What you will do:
Return only the stretch of the material below that begins with the line containing "Sarantino 3 Seater" and ends with the line containing "AxcessAbles 1U Vented", exactly; both of those lines belong to it.

Record excerpts:
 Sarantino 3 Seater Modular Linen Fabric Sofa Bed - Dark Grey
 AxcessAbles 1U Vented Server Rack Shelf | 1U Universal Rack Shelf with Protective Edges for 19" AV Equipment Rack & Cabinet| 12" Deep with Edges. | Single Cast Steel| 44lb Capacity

---

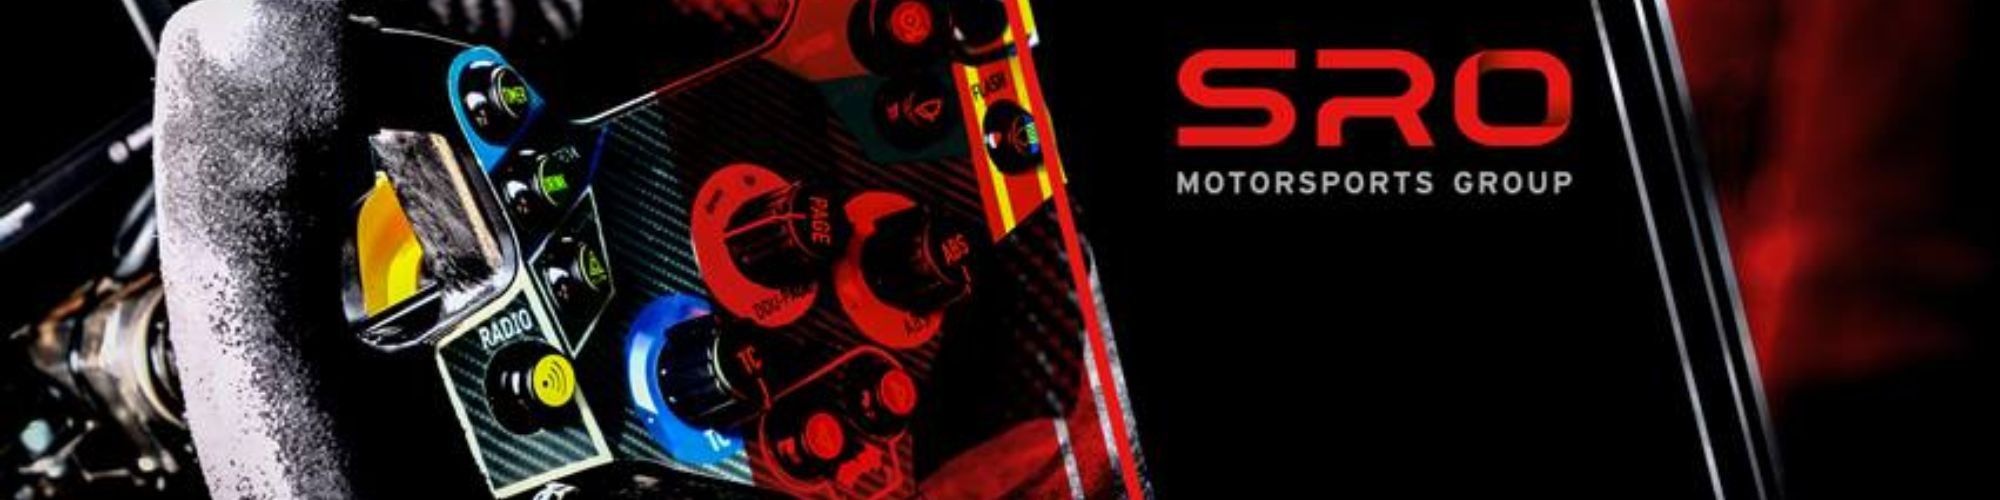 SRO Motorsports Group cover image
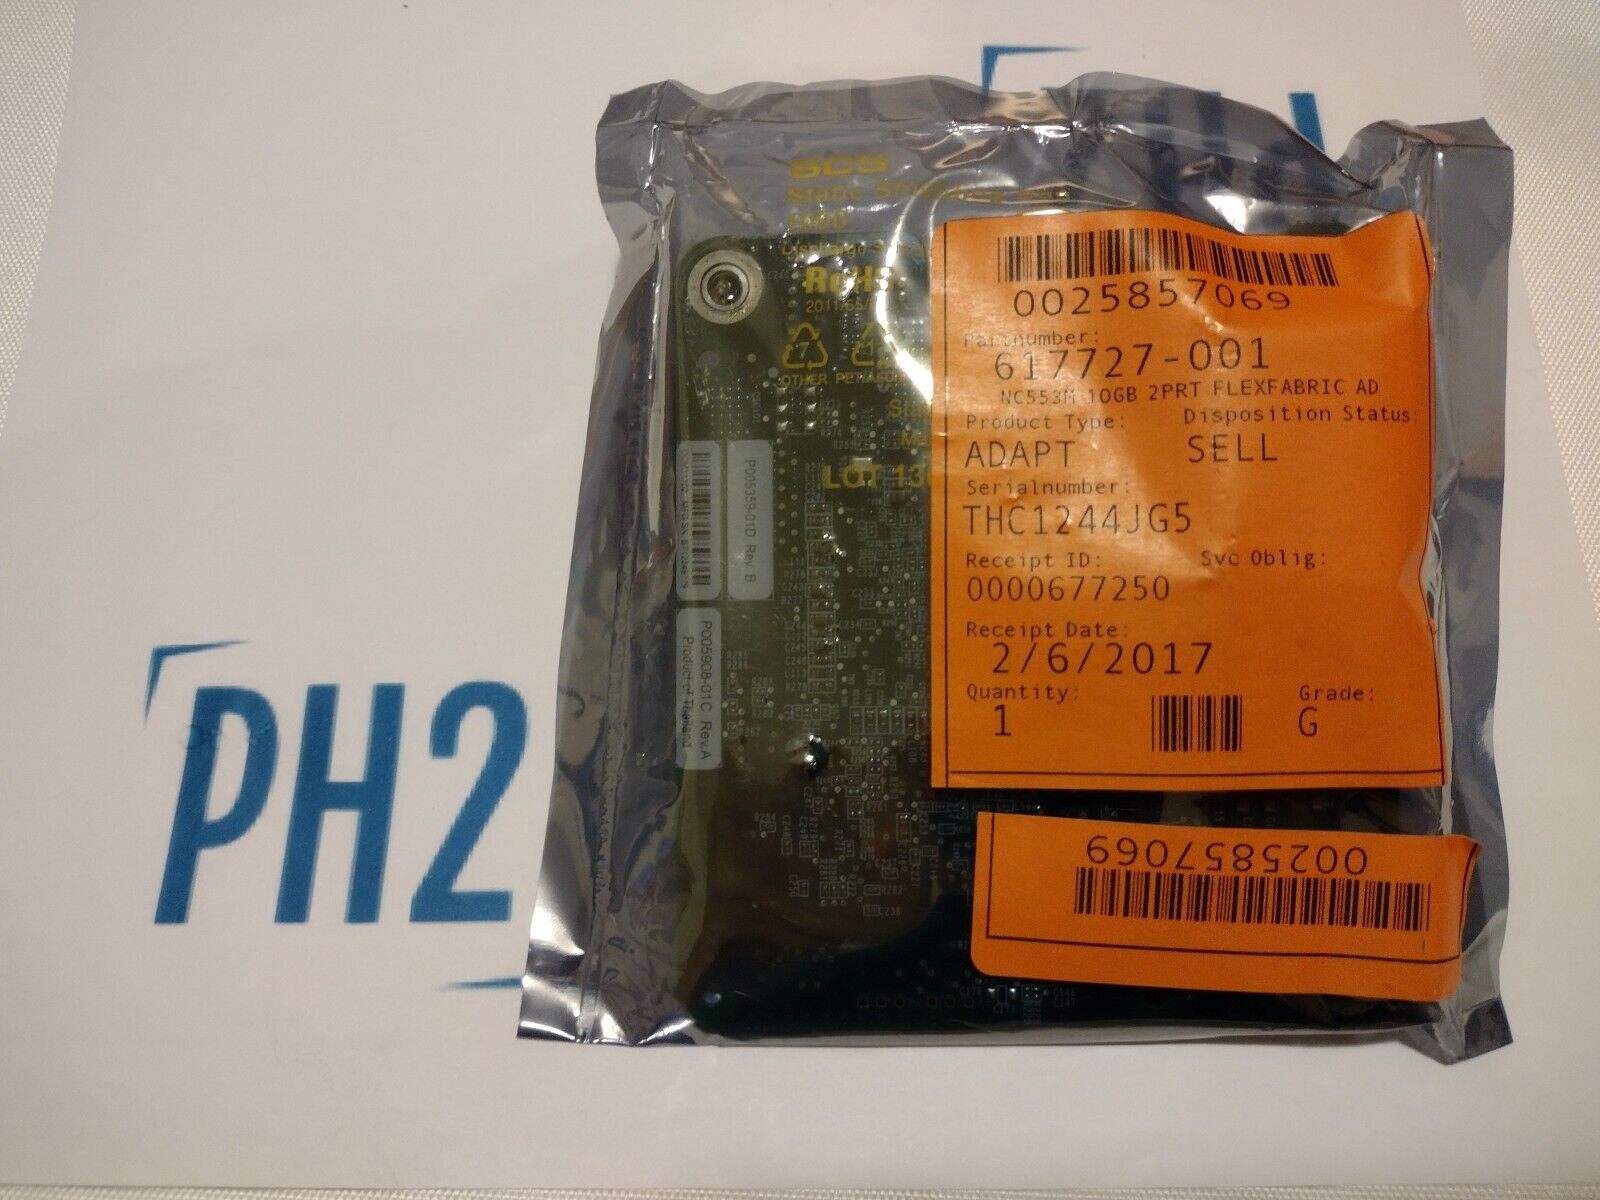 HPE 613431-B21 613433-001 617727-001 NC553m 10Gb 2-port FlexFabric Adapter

---

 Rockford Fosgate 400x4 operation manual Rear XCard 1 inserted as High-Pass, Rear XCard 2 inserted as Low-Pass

Task answer:
 Sarantino 3 Seater Modular Linen Fabric Sofa Bed - Dark Grey
 AxcessAbles 1U Vented Server Rack Shelf | 1U Universal Rack Shelf with Protective Edges for 19" AV Equipment Rack & Cabinet| 12" Deep with Edges. | Single Cast Steel| 44lb Capacity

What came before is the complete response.